## Your objective
Type out the listing below exactly. Pictures stay out of it.

## Given information

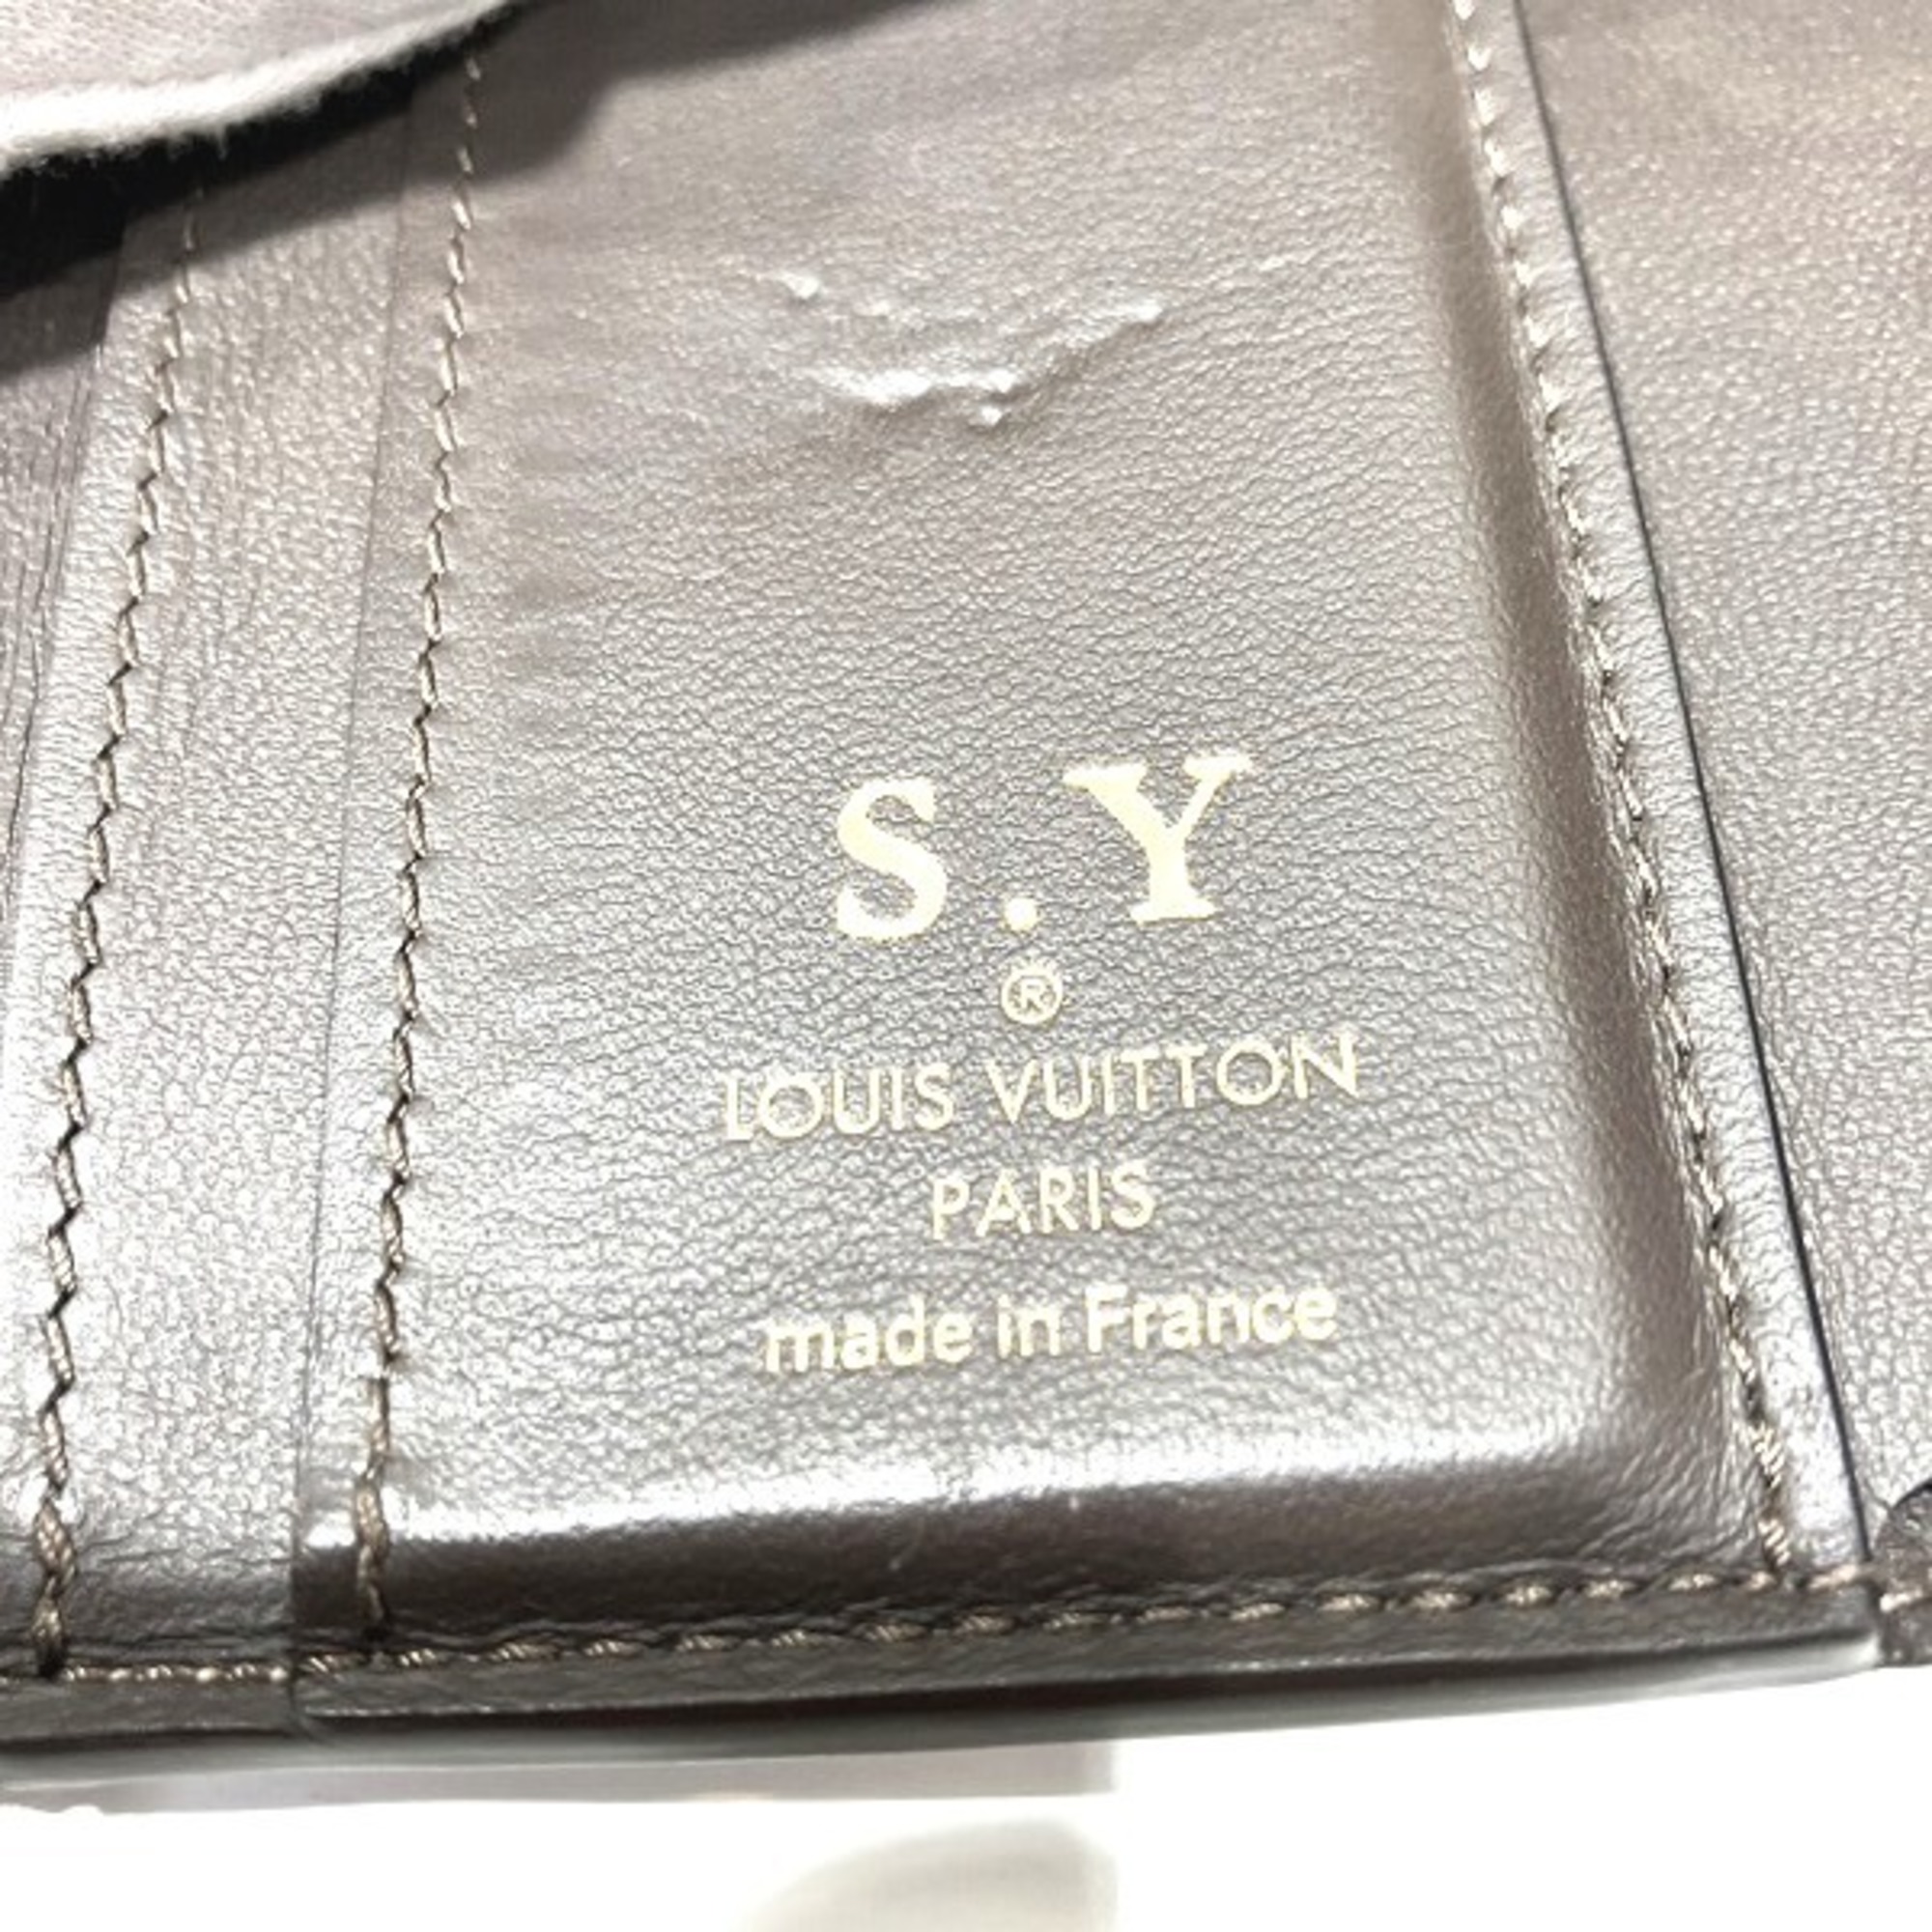 Louis Vuitton Portefeuille Capucines XS M68747 Trifold Wallet Women's
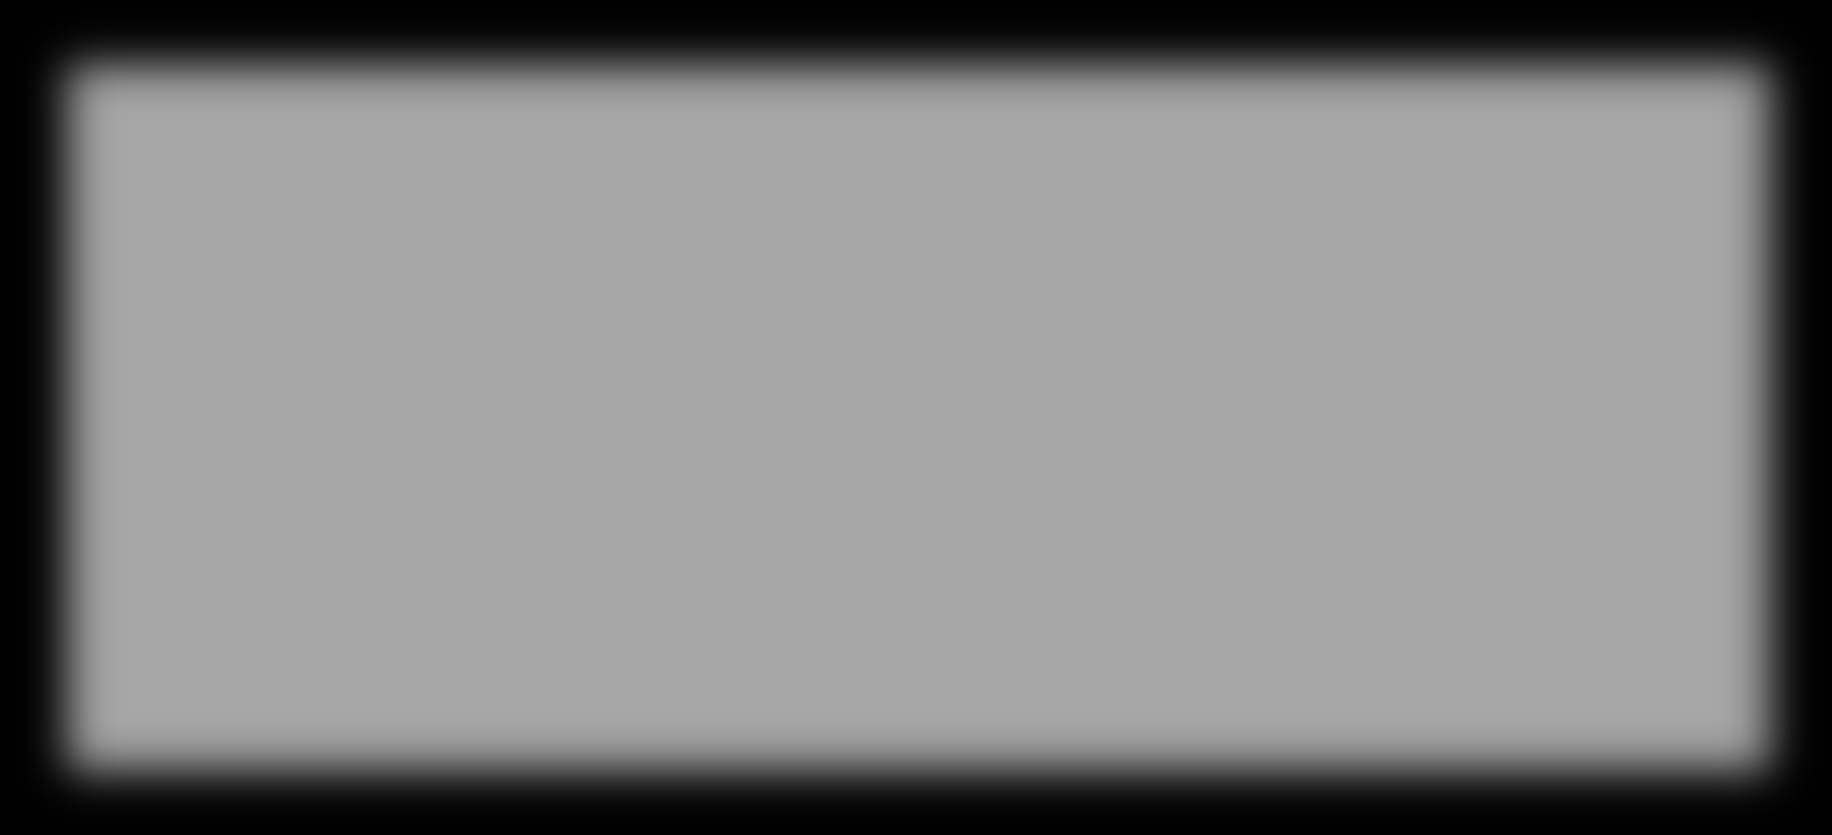 Áramátalakító állomások Átalakításra került Vasgyári hurokvágány energetikai kitáplálása kábelrongálás megszüntetése Az állomások 2014 október 24-től párhuzamos táplálással
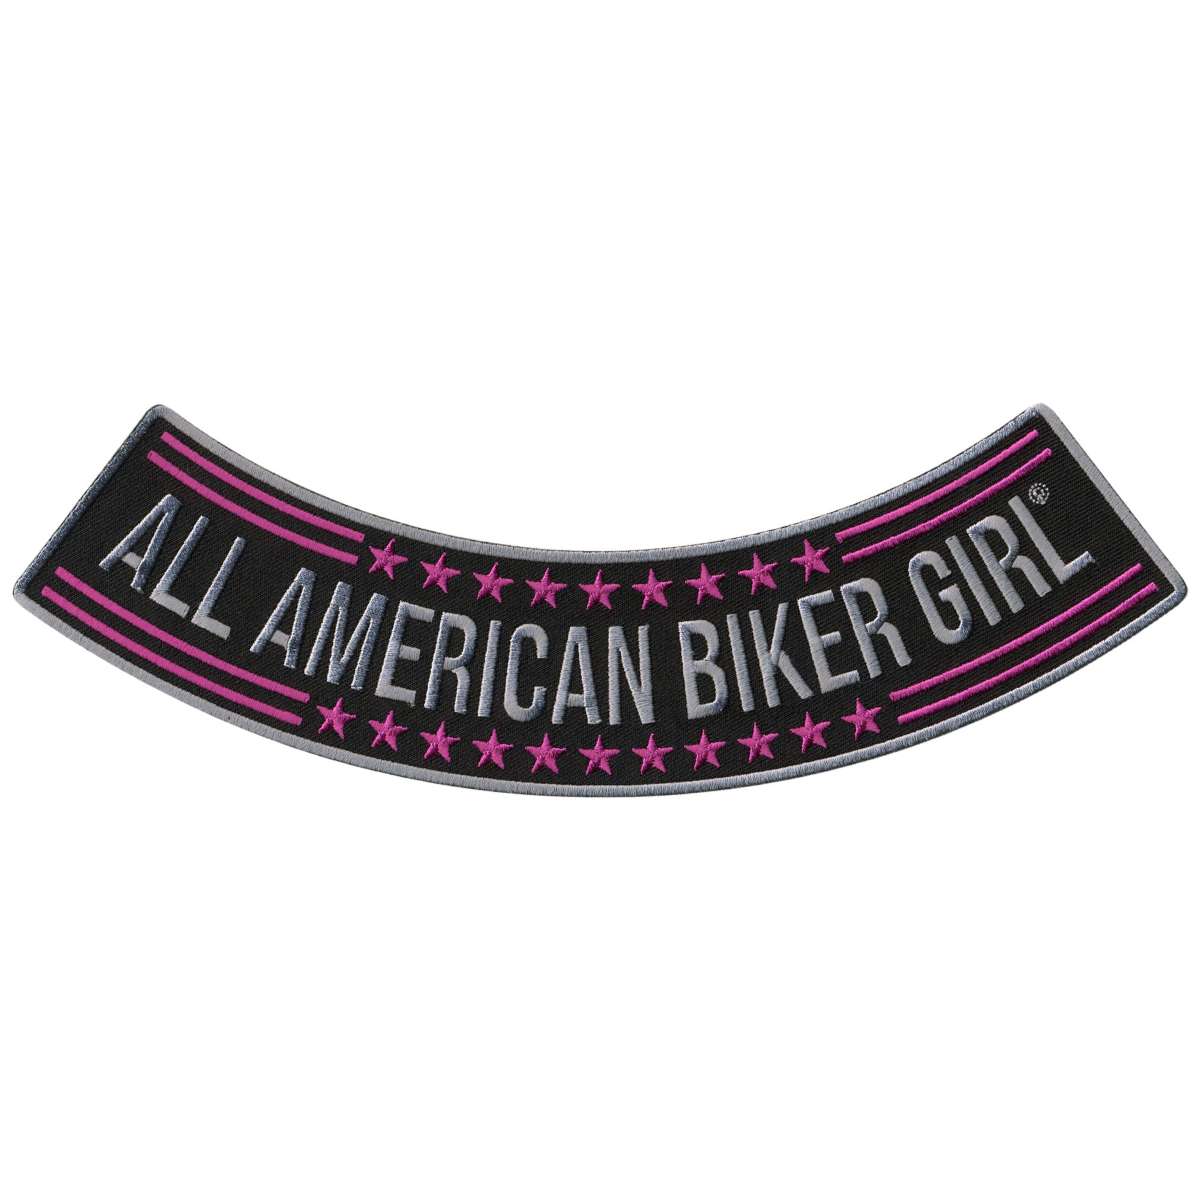 Hot Leathers All American Biker Girl 10” X 2” Bottom Rocker Patch PPM5103
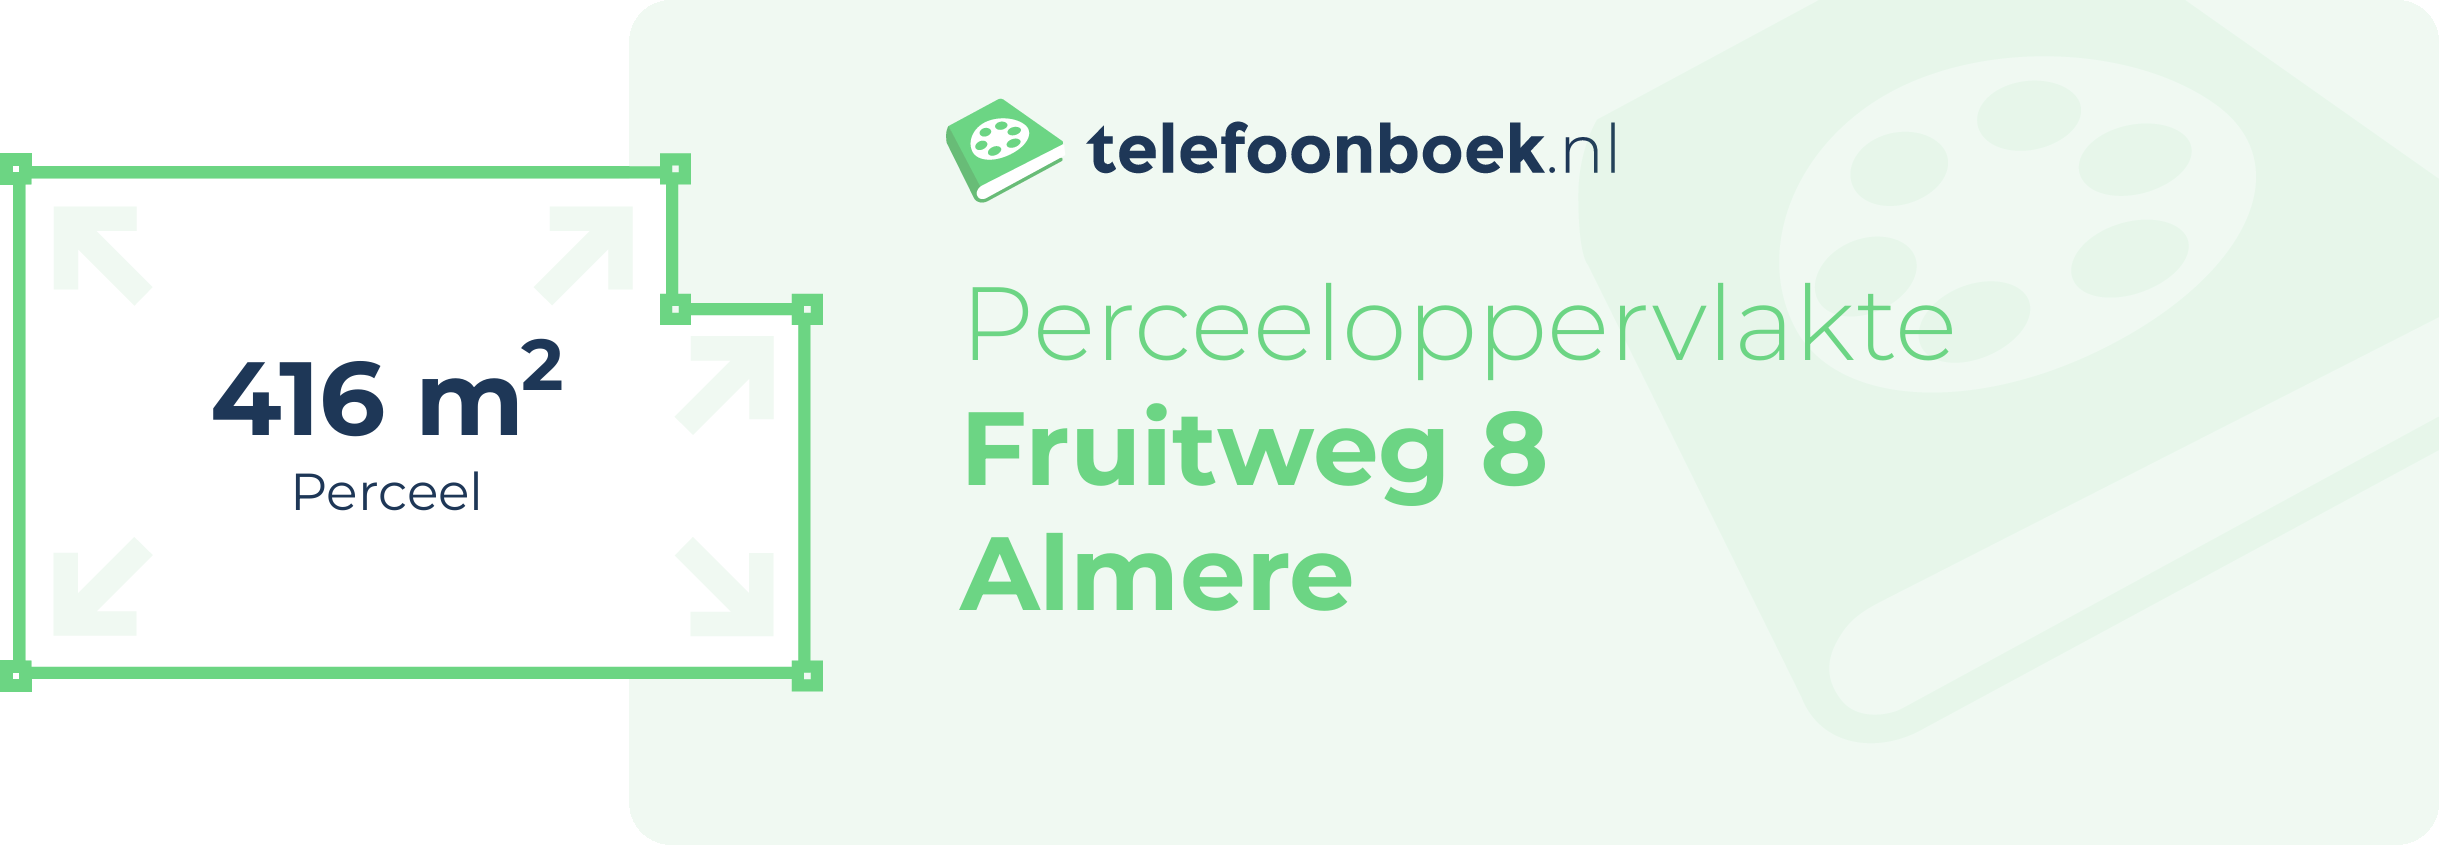 Perceeloppervlakte Fruitweg 8 Almere

## Task result
 Louis Vuitton Portefeuille Capucines XS M68747 Trifold Wallet Women's
 Áramátalakító állomások Átalakításra került Vasgyári hurokvágány energetikai kitáplálása kábelrongálás megszüntetése Az állomások 2014 október 24-től párhuzamos táplálással
 Hot Leathers All American Biker Girl 10” X 2” Bottom Rocker Patch PPM5103
 Perceeloppervlakte Fruitweg 8 Almere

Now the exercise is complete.